A sari-sari store owner who uses GrowSari

GrowSari, the Manila-based startup that helps small shops grow and digitize, announced today that KKR will lead its Series C round with a $45 million investment. The funds will be used to enter new regions in the Philippines and expand its financial products. The Series C round is still ongoing and the startup says it is already oversubscribed, with the final composition currently being finalized. 

Before its Series C, GrowSari’s total raised was $30 million. TechCrunch last wrote about GrowSari in June 2021, when it announced its Series B. Since then, it has expanded the number of municipalities it serves from 100 to 220, and now has a customer base of 100,000 micro, small and mid-sized enterprise (MSME) store owners. 

Founded in 2016, GrowSari is a B2B platform that offers almost every kind of service that small- to medium-sized retailers, including neighborhood stores that carry daily necessities (called sari-saris), roadside and market shops and pharmacies, need.

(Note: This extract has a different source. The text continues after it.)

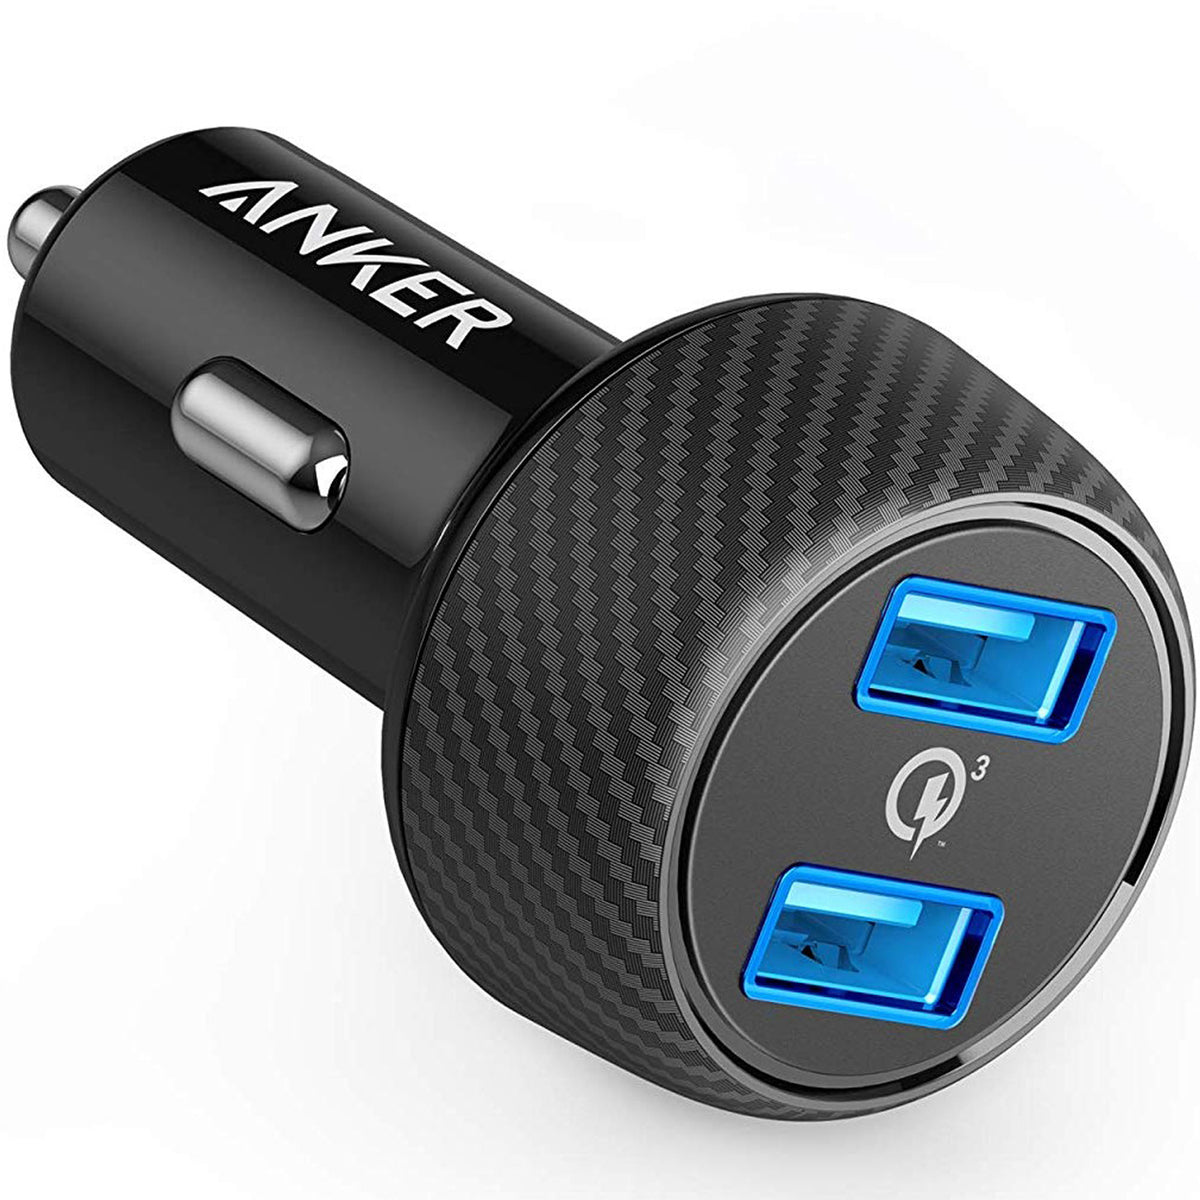 Anker Quick Charge 3.0 39W Dual USB Car Charger A2228H11
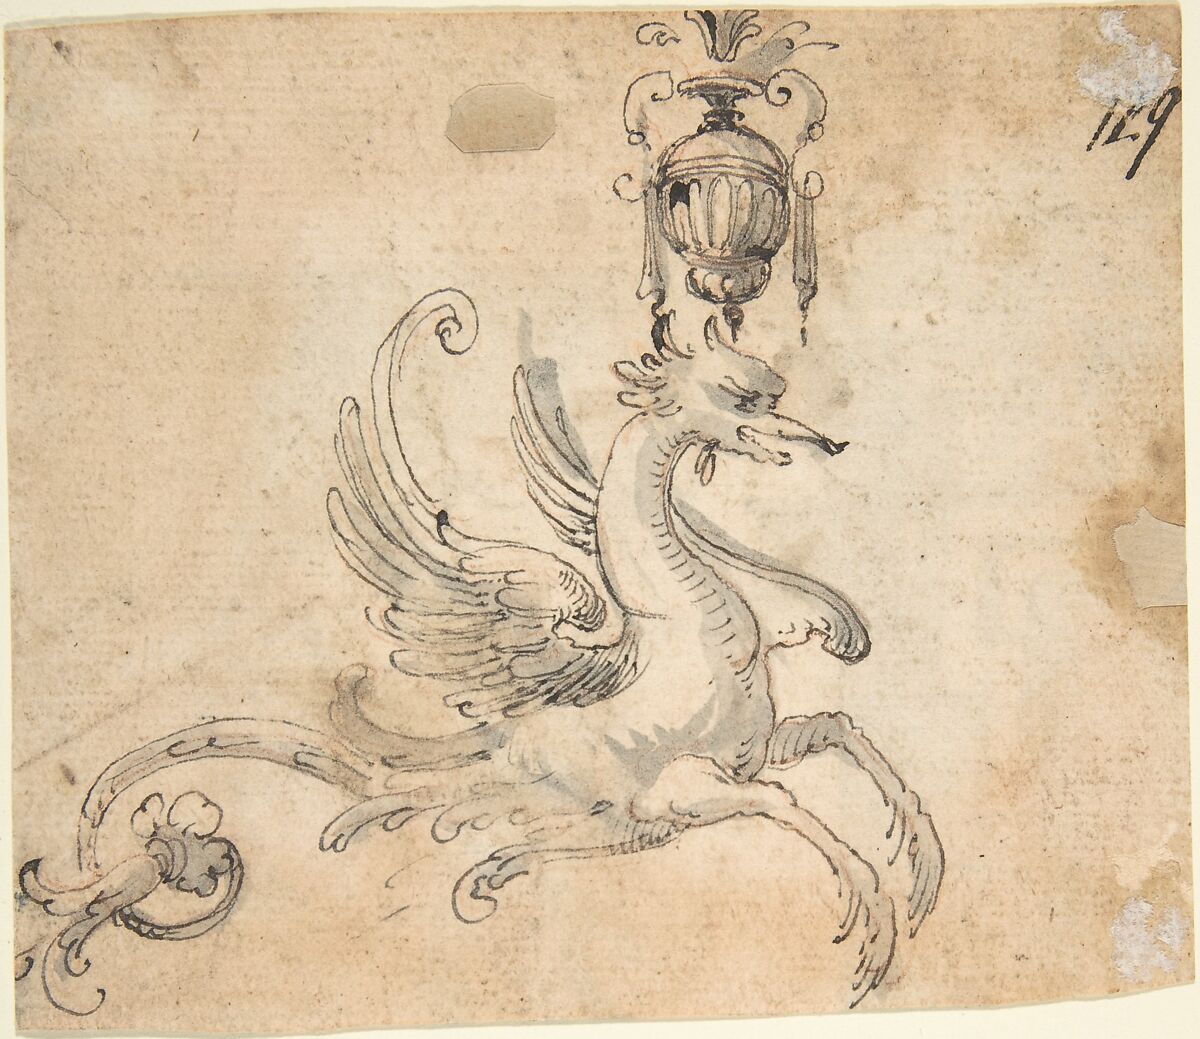 Winged Hippocamp supporting a Vase (recto); Figure Studies and Architectural Design (verso), Anonymous, Italian, 16th to early 17th century, Pen and brown ink, brush and brown wash, over red chalk (recto); pen and brown ink, brush and gray wash, over red chalk.

For example, it has a wholesale marketplace with products from major fast-moving consumer goods (FMCG) brands like Unilever, P&G and Nestle. It partners with over 200 providers, like telecoms, fintechs and subscription plans, so sari-saris can offer services like top-ups and bill payments to their customers. 

Sari-sari operators can also use GrowSari to launch e-commerce stores and access short-term working capital loans to buy inventory. The startup’s other financial products include digital wallets and cash-in services, and it is looking at adding remittance, insurance and loans in partnership with other providers. 

The new funding will be used to expand into the Visayas and Mindanao, the two other main geographical regions in the Philippines, with the goal of covering all 1.1 million “mom and pop” stores in the Philippines.